Open HTPS is an open-source implementation of HyperTreeProofSearch (HTPS), an efficient proof search algorithm introduced by Lample et al. (2022). This repository addresses a gap in the Automated Theorem Proving community: the need for a fast, open-source, and easy-to-use proof search tool.
Unlike the sadly non-functional available part of the original implementation, Open HTPS provides a complete and reliable version implemented efficiently in C++, combined with Python bindings for easy integration into your research workflows.
- Efficiency: Fast C++ implementation
- Usability: Python bindings for easy integration into existing work
- Research-Focused: Abstracts away complex tree-search so that researchers can concentrate on tactic generation, critics, environments and conjecture generation.
- Open Source: Available for customization and extension. Free to use for academic and commercial purposes.
- ✅ Fast and Efficient Proof Search
- ✅ Proof Assistant Agnostic: Works seamlessly with various proof assistants.
- ✅ User-Friendly Python Interface
- ✅ Training Data Generation: Training samples for tactic generators, critics, and dynamics models.
Open HTPS is available on PyPI. Before installation, ensure you have a C++ compiler and Python development headers (Python-dev
) installed.
Afterward, run the following:
pip3 install htps
The overall workflow is detailed below. Since this implementation does not rely on any environments, the code below is missing the environment-specific expansion.
from htps import HTPS
# Initialize proof search with a theorem
search = HTPS(thm)
# Retrieve theorems ready for expansion
theorems = search.theorems_to_expand()
# -----Expand here-----
# Generate and apply tactics to expand theorems
search.expand_and_backup(expansions)
# Retrieve search result
result = search.get_result()
# Access generated training samples
tactic_samples = result.tactic_samples
critic_samples = result.critic_samples
effect_samples = result.effect_samples
The full information can be found in the documentation.

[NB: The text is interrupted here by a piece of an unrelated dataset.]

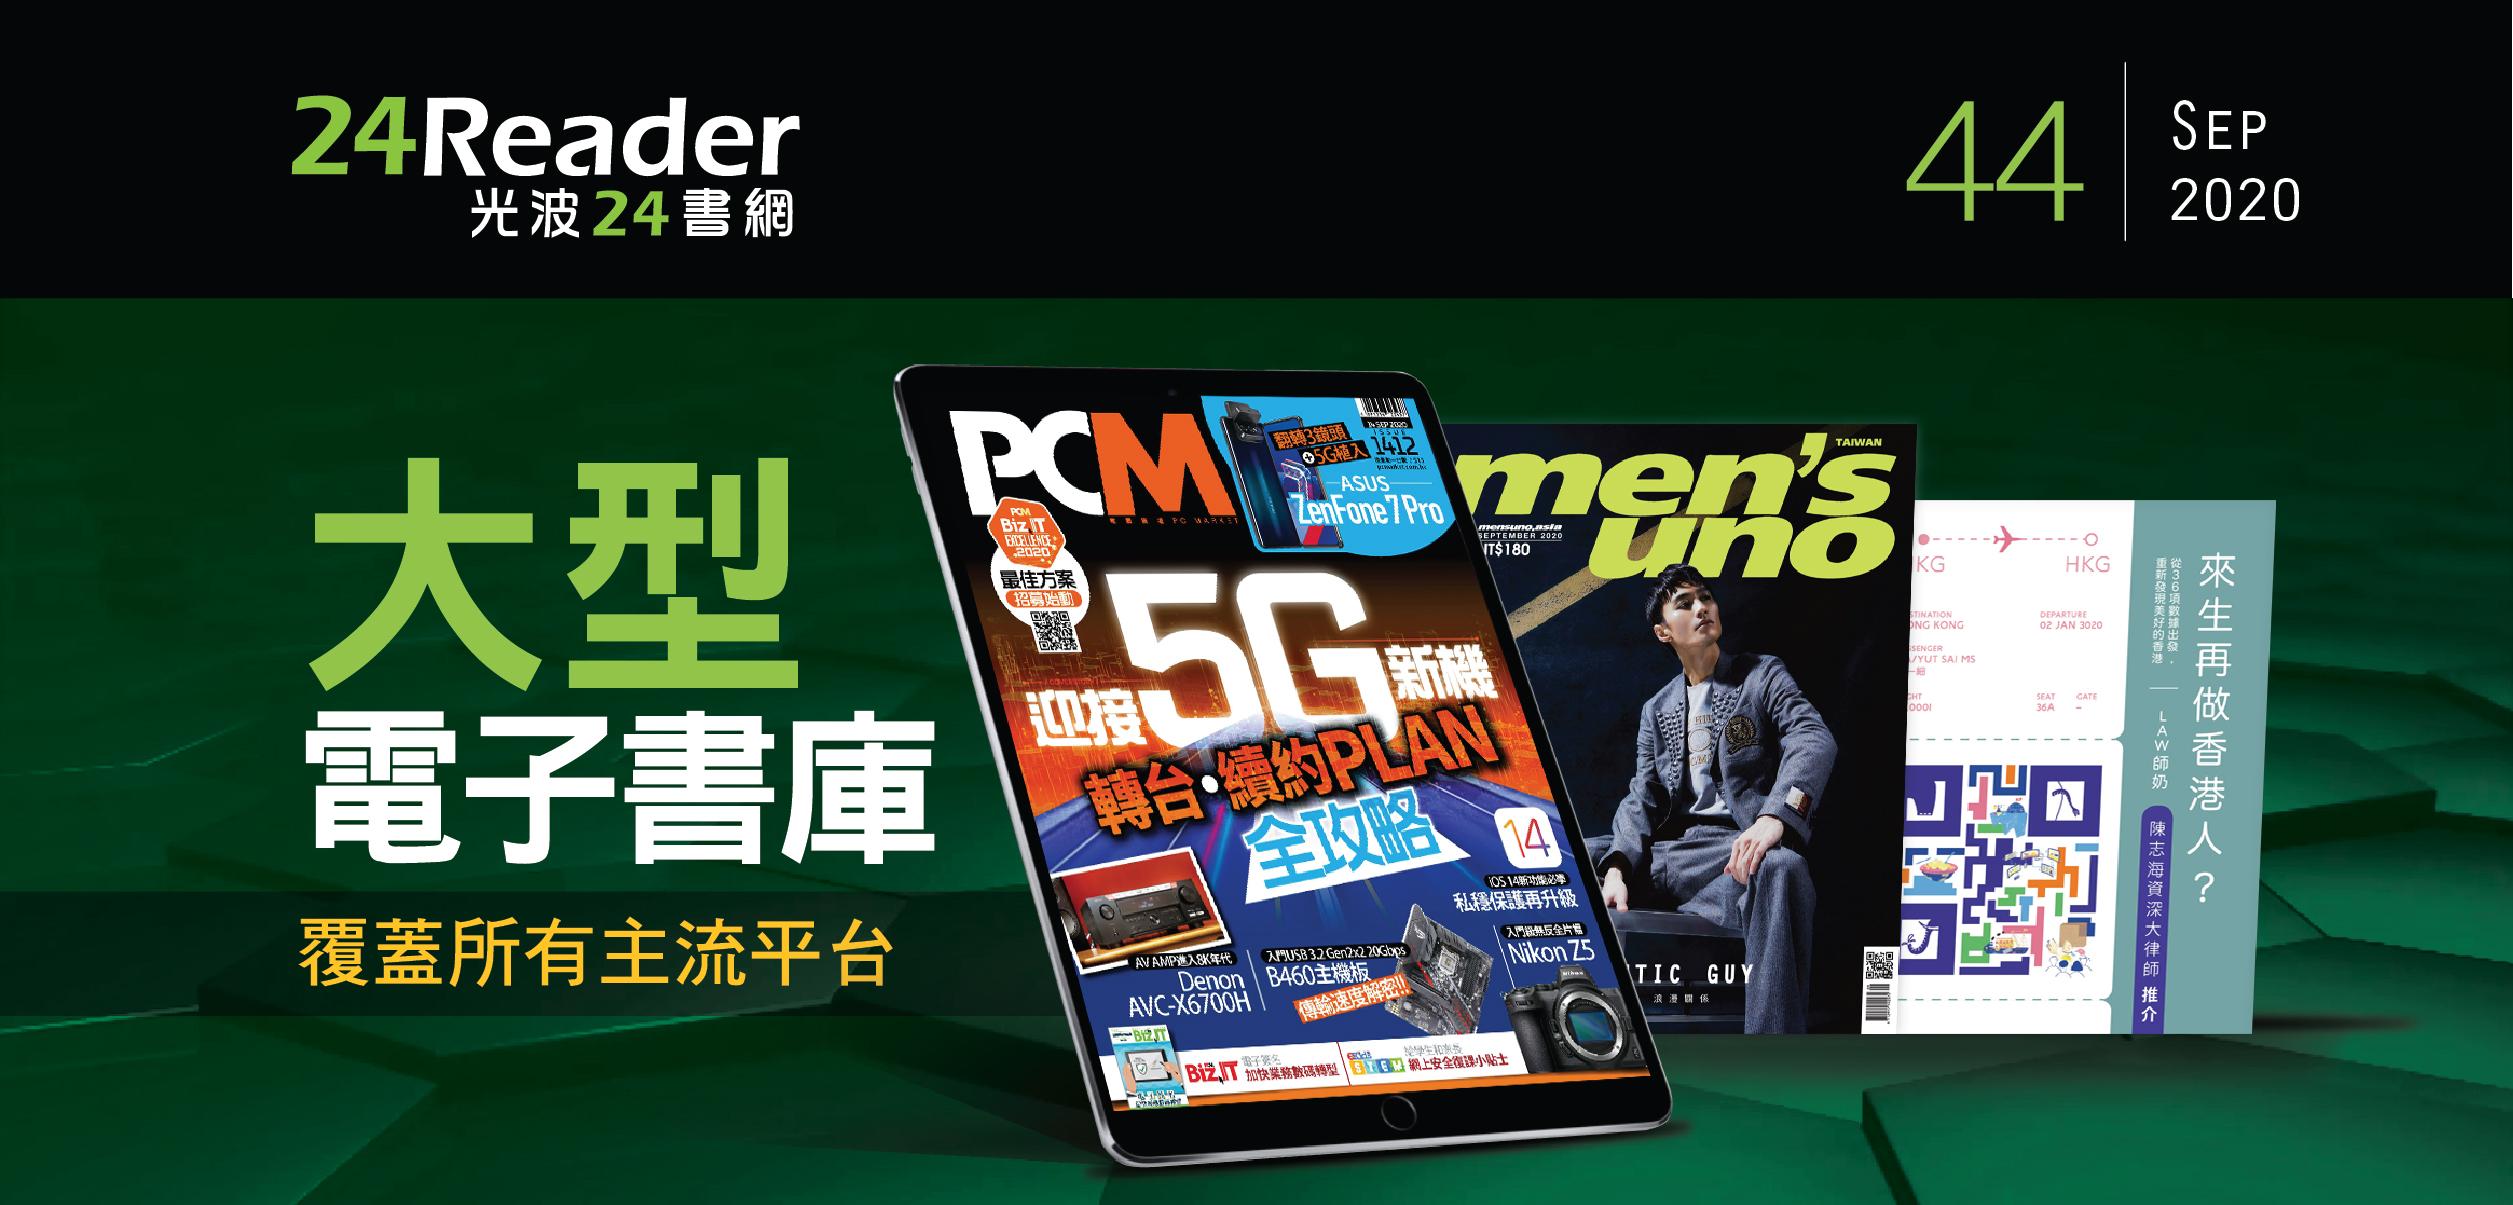 《PC Market 電腦廣場》迎接 5G 新機  轉台.續約 PLAN 全攻略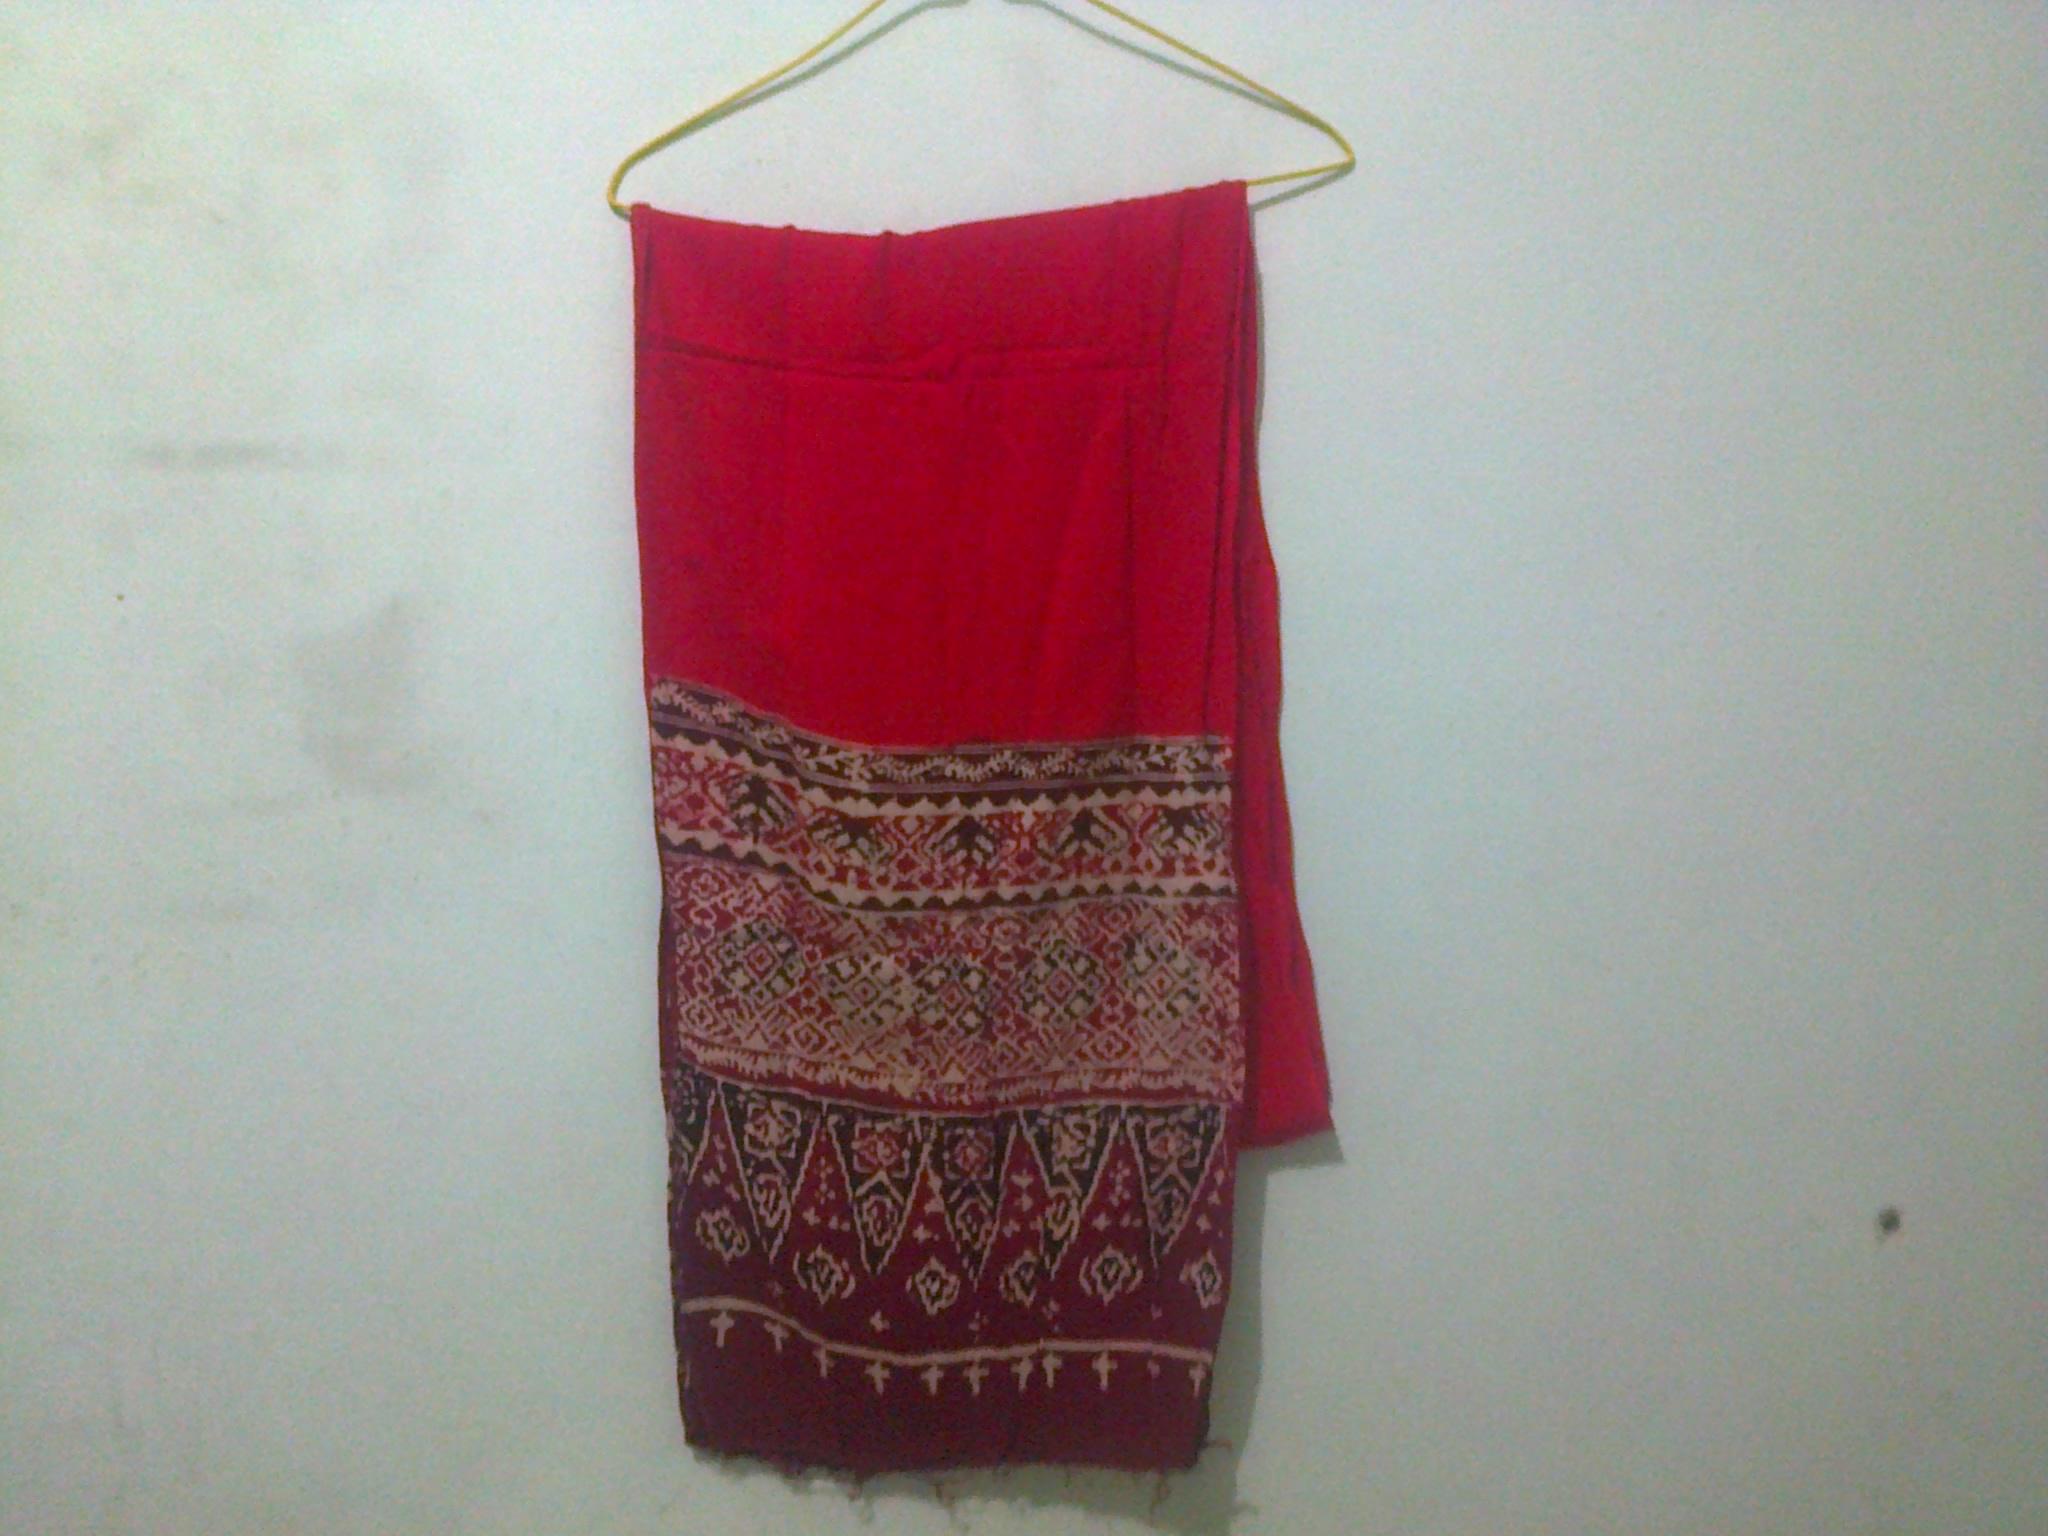 ... selendang tari batik | Jual selendang tari batik, selendang tari batik

Contributions are welcome! Feel free to open issues or submit pull requests. I will make sure to address any issues as soon as possible.
This project is based on one belief: more search is beneficial, but the exact search algorithm does not significantly impact the research outcome.
Currently, every research team has to implement their own proof search algorithm, which is a significant waste of time and resources. This repository is meant to address that, ideally leading to faster prototyping on tactic generation, critics, dynamic models and conjecture generation. Less time wasted on debugging tree search implementations (which is quite painful, as I am now very much aware), more time spent on the meaningful research.